Could not be a better title "Learning a new language with wikipedia data"? As stated by you the model did not learn subjacent information.
Yeah I was considering something like that. Always a balance between being too broad and too specific
Fine-tuning on wikipedia is one huge mistake.
Can you expand on that?
@@TrelisResearch Because IMO it's laced with political opinions and I reckon we have already enough of that in the native pre-trained models.
Imagine my system prompt is something like that (because it knows epistemology inside but but doesn't apply it): "Only abide by Karl Popper epistemological rules: consensus, opinions and/or testimonial statements, even when authoritative, are not scientific evidence, only empirical evidence is scientific evidence; lack of consensus or opinions do not disprove a theory, nor negate empirical evidence. Statistical power only gives a marginal certainty but has a lower status than empirical evidence it can prove correlation but not causation."
@@BoominGame yeah, take your point that there can be biases alright.

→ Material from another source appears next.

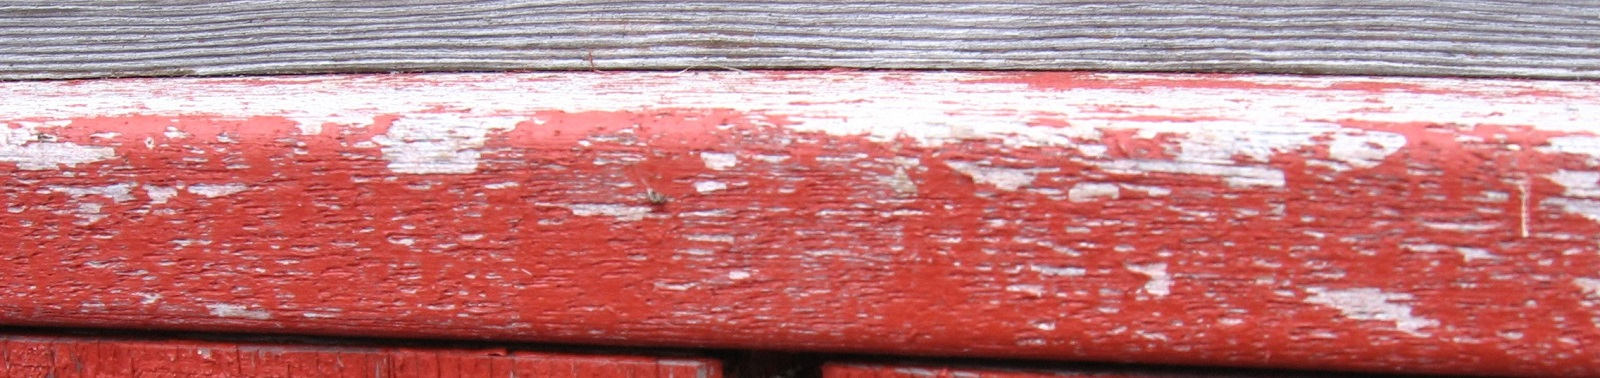 Wood Grain Detail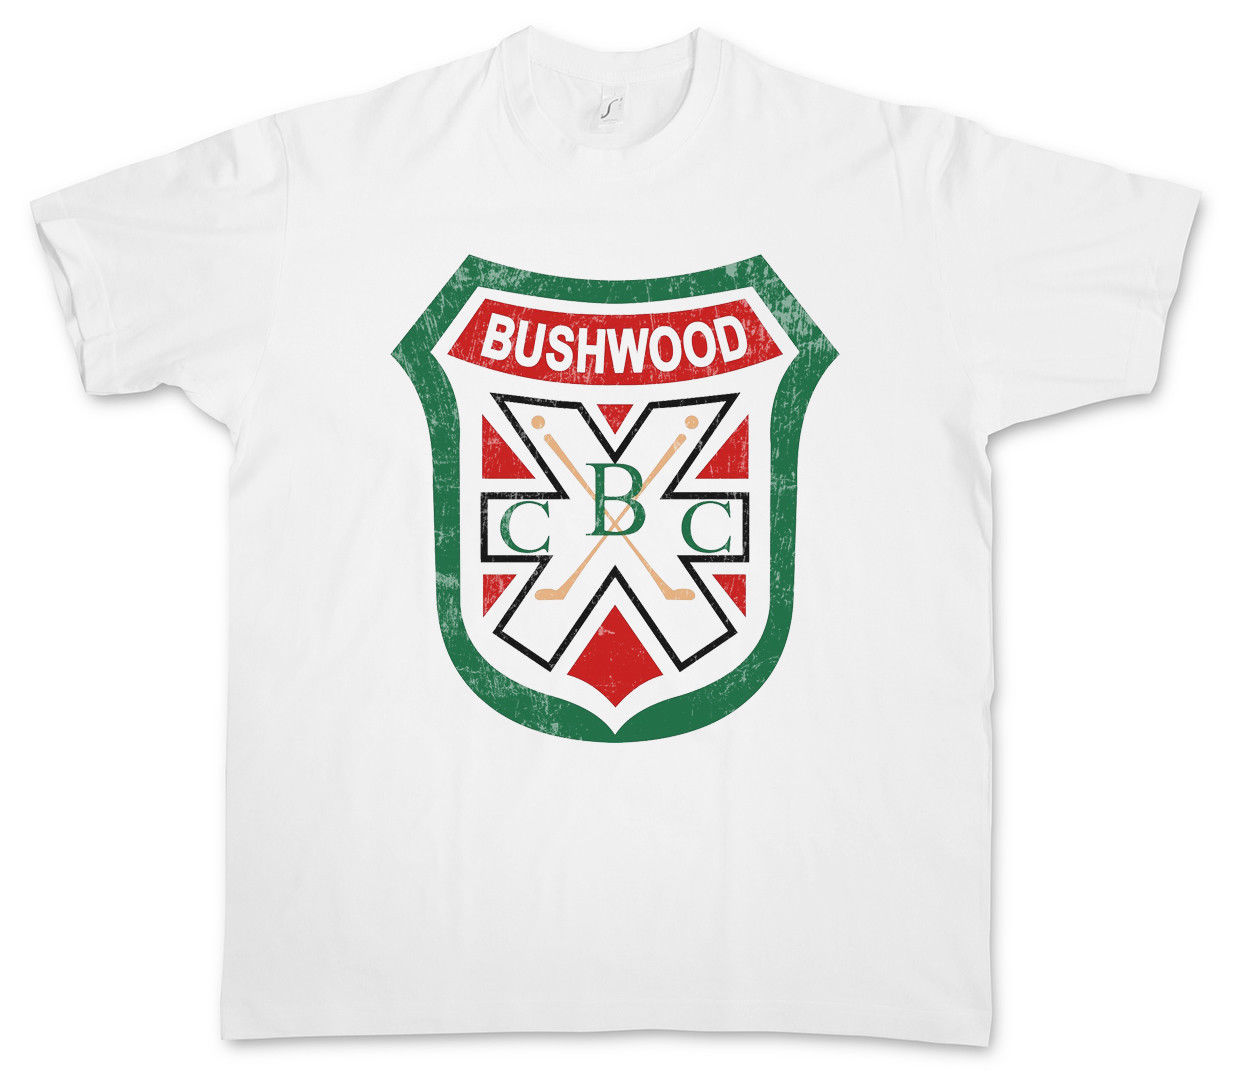 BUSHWOOD COUNTRY CLUB II T-SHIRT Caddyshack Sign Insignia Logo Company Golfed Design T Shirts Casual Cool

I'll be making a continuation pulling in some common crawl data too.
@@TrelisResearch Hey I mean for the sake of demonstration it's fair enough, don't think I was criticising you in any shape or form, I am big fan of what you do. Just my 2 cents.
@@TrelisResearch I think that if the cement of the AI is semantic and you force illogical alignments it's bound to deteriorate the quality of some answers.
Imagine real science says stuff that is contradicted by "BBC Science" and big time, so where do you consolidate stuff that contradicts itself?
Also everybody using the same datasets, they all look and talk similar in the end.